• **Work required**:
Set each record down exactly, excluding all images.

• **Task input**:
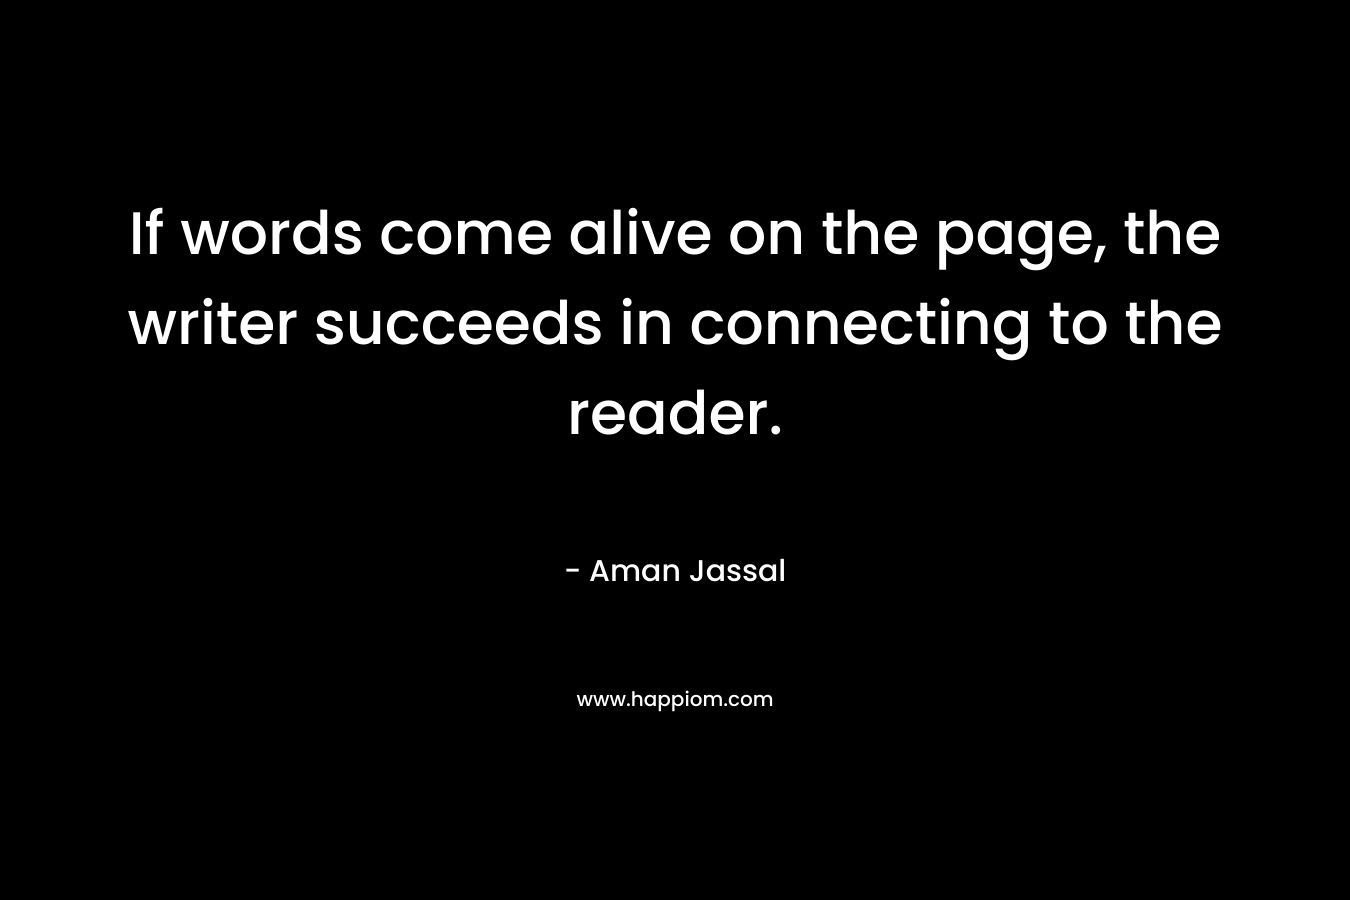 If words come alive on the page, the writer succeeds in connecting to the reader. – Aman Jassal
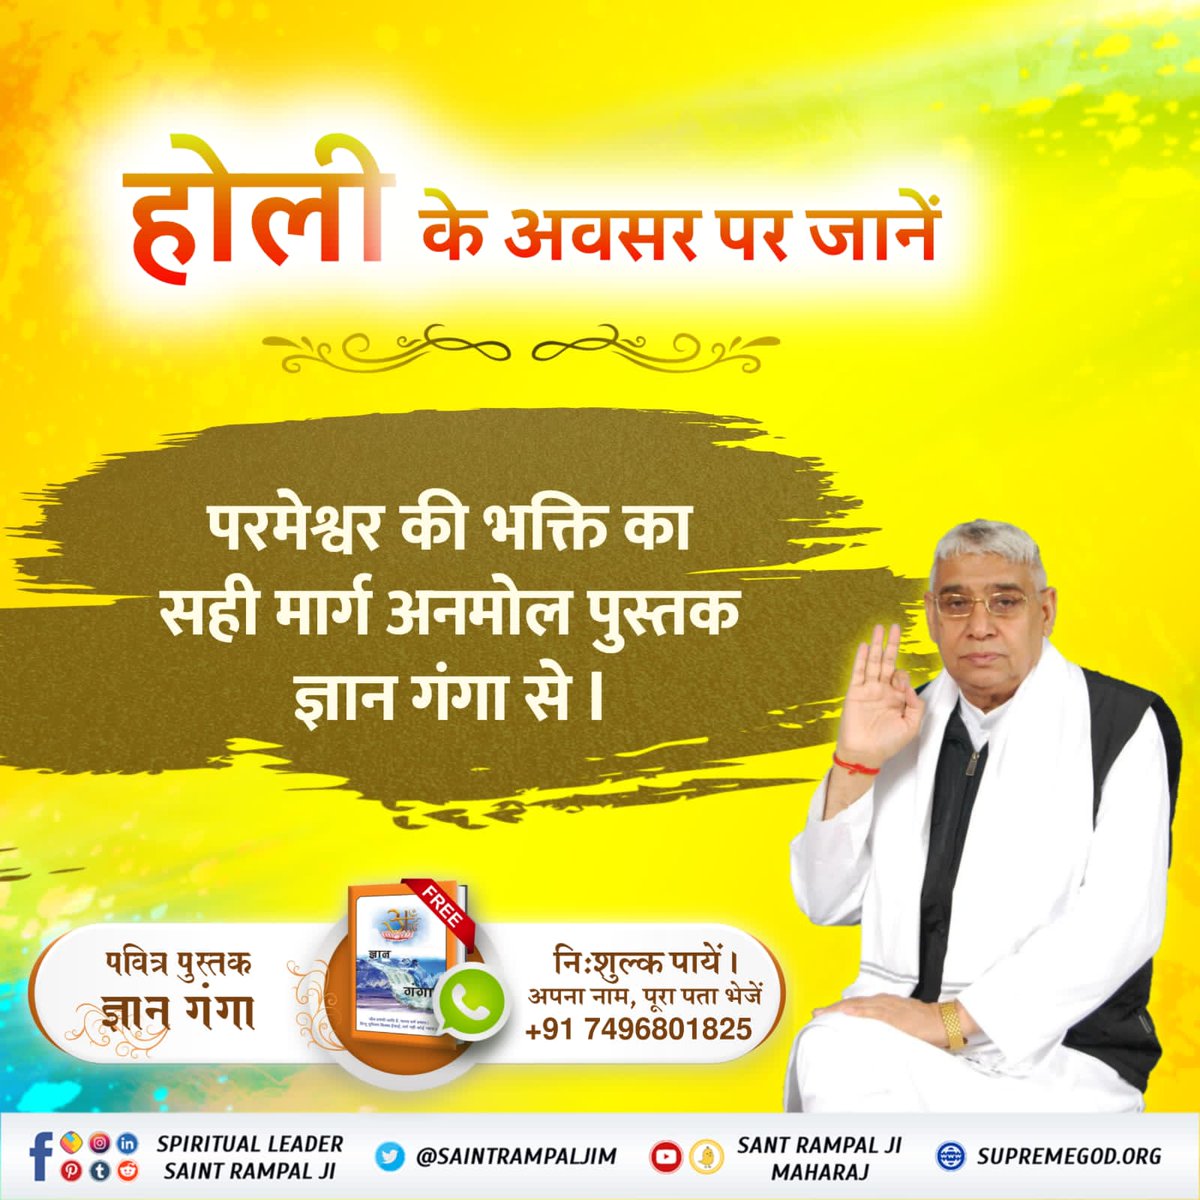 To get the GOD who gives all happiness, we have to play Holi in the name of Ram.
#सतभक्ति_की_होली
Sant Rampal Ji Maharaj
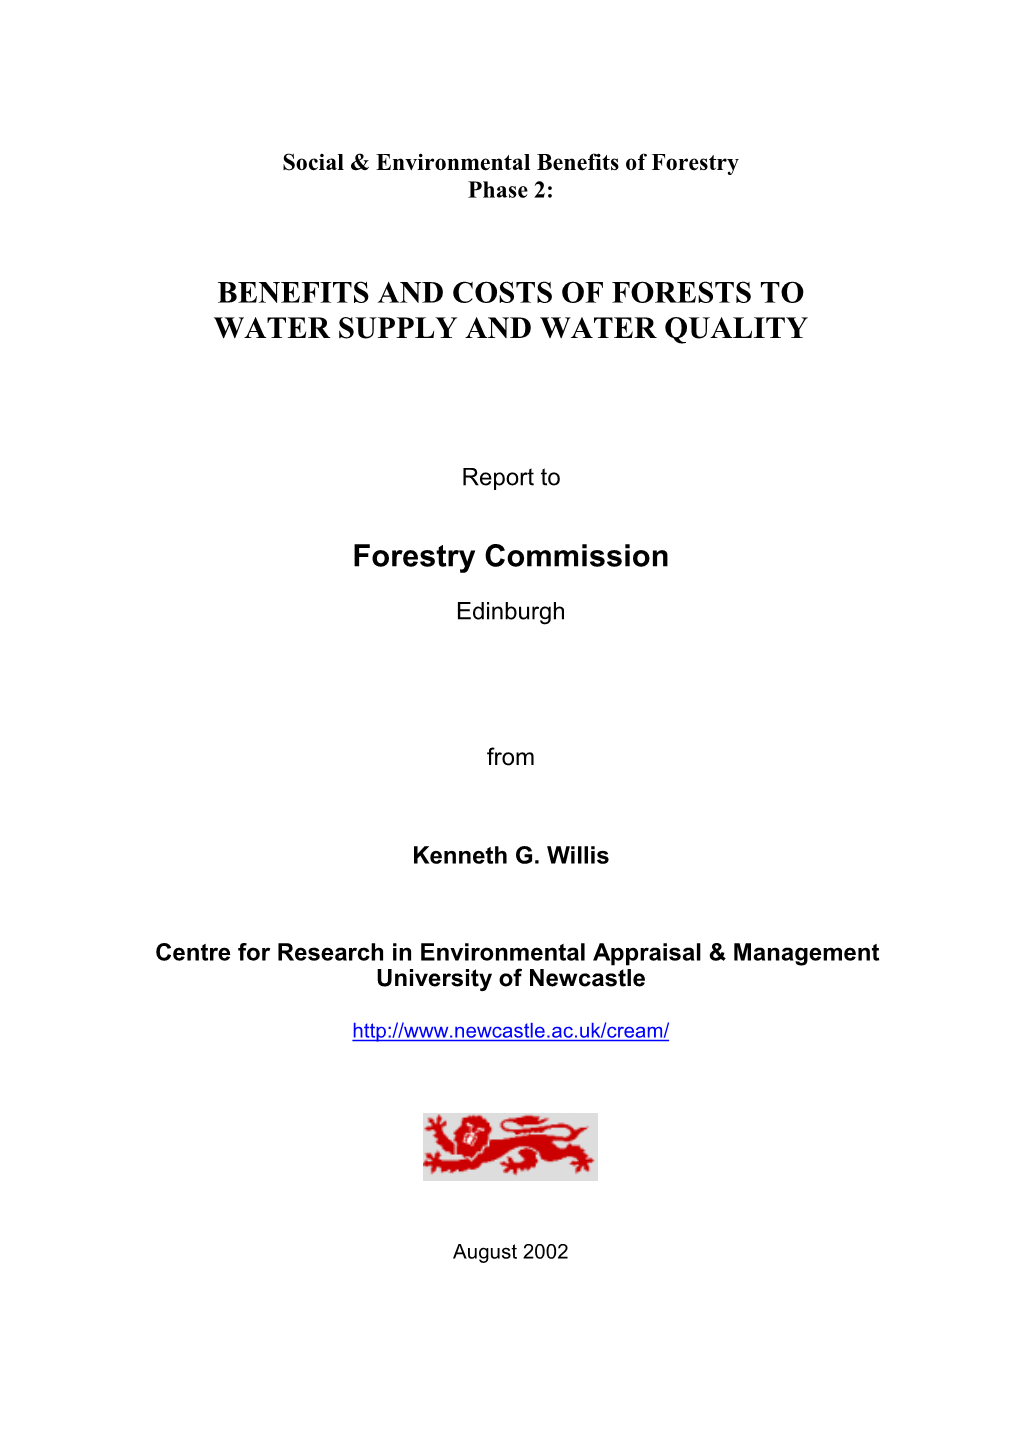 Benefits and Costs of Forests to Water Supply and Water Quality
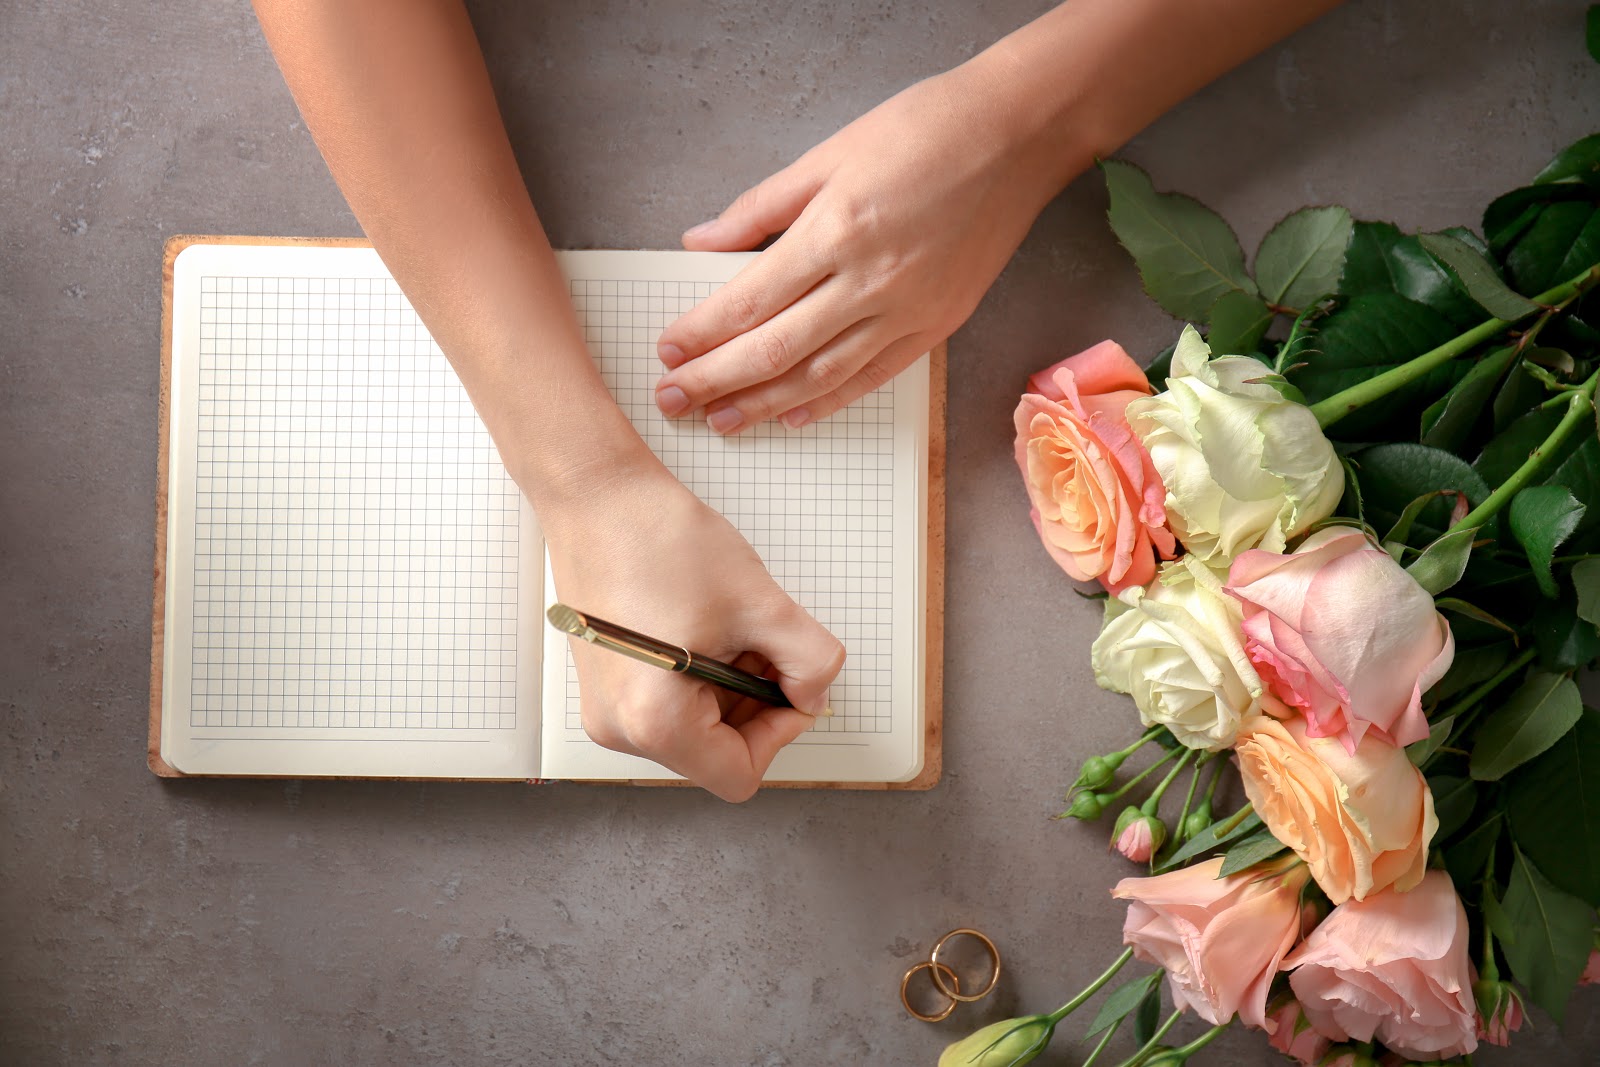 Wedding wishes: Roses and wedding rings next to hands that write notes in a notebook

• **Result of the exercise**:
 If words come alive on the page, the writer succeeds in connecting to the reader. – Aman Jassal
 To get the GOD who gives all happiness, we have to play Holi in the name of Ram.
#सतभक्ति_की_होली
Sant Rampal Ji Maharaj
 Benefits and Costs of Forests to Water Supply and Water Quality
 Wedding wishes: Roses and wedding rings next to hands that write notes in a notebook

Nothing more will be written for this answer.